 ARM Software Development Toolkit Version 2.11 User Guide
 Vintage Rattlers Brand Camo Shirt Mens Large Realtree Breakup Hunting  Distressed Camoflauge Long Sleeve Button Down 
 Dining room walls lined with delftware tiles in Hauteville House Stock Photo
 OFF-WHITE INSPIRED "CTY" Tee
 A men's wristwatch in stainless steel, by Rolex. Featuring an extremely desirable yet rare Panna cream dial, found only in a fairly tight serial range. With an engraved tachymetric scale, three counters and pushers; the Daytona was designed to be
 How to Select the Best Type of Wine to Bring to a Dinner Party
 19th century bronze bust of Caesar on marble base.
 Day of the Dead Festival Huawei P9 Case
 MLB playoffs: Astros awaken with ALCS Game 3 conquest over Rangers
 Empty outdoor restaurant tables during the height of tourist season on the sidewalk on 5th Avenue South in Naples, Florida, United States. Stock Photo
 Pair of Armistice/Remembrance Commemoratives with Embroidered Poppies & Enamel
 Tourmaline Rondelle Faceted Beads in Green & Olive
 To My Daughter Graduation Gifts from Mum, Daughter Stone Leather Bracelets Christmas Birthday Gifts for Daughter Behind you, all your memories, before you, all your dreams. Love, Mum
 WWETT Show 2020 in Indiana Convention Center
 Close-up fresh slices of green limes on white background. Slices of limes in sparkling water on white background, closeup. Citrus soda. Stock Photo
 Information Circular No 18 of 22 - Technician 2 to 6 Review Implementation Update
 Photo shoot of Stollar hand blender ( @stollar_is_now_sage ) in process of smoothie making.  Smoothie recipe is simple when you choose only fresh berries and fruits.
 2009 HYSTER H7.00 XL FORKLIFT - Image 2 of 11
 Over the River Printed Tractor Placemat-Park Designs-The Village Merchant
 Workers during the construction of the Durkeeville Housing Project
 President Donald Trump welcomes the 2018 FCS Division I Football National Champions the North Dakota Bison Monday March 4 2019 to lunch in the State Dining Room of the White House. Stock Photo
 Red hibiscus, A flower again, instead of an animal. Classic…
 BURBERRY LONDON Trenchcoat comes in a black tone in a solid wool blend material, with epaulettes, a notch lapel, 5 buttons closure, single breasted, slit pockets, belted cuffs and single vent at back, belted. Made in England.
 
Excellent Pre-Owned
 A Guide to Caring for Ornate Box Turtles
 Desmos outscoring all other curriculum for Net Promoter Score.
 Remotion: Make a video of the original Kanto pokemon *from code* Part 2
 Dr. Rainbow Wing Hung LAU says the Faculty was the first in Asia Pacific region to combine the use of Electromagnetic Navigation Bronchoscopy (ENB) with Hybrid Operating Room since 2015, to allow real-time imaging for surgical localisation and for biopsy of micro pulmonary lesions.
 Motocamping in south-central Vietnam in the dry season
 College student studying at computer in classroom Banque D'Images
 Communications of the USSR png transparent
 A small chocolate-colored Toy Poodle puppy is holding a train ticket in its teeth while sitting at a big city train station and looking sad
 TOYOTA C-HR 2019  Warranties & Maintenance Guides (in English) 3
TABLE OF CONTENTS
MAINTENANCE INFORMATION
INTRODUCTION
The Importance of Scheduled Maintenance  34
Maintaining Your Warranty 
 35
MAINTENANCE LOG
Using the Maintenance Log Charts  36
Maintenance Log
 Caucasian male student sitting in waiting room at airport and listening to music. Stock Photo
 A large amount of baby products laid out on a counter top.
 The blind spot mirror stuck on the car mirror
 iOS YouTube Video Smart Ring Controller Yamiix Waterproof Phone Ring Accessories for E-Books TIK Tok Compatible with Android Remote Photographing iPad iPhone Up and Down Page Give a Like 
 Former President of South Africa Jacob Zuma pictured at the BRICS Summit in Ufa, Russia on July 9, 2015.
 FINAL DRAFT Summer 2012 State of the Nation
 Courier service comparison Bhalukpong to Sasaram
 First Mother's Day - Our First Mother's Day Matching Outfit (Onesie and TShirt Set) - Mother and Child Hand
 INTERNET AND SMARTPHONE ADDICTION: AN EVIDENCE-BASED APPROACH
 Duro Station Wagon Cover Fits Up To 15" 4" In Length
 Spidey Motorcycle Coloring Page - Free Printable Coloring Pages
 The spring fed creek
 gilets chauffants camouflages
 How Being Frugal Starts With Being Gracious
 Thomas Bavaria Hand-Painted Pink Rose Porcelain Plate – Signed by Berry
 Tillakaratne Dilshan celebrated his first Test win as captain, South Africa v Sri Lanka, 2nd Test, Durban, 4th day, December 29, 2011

■ **WHAT IS EXPECTED**: Across the data shown above, how many lines carry the string "Africa"? Reply with the figure by itself.

■ **SOLUTION TO THIS TASK**: 2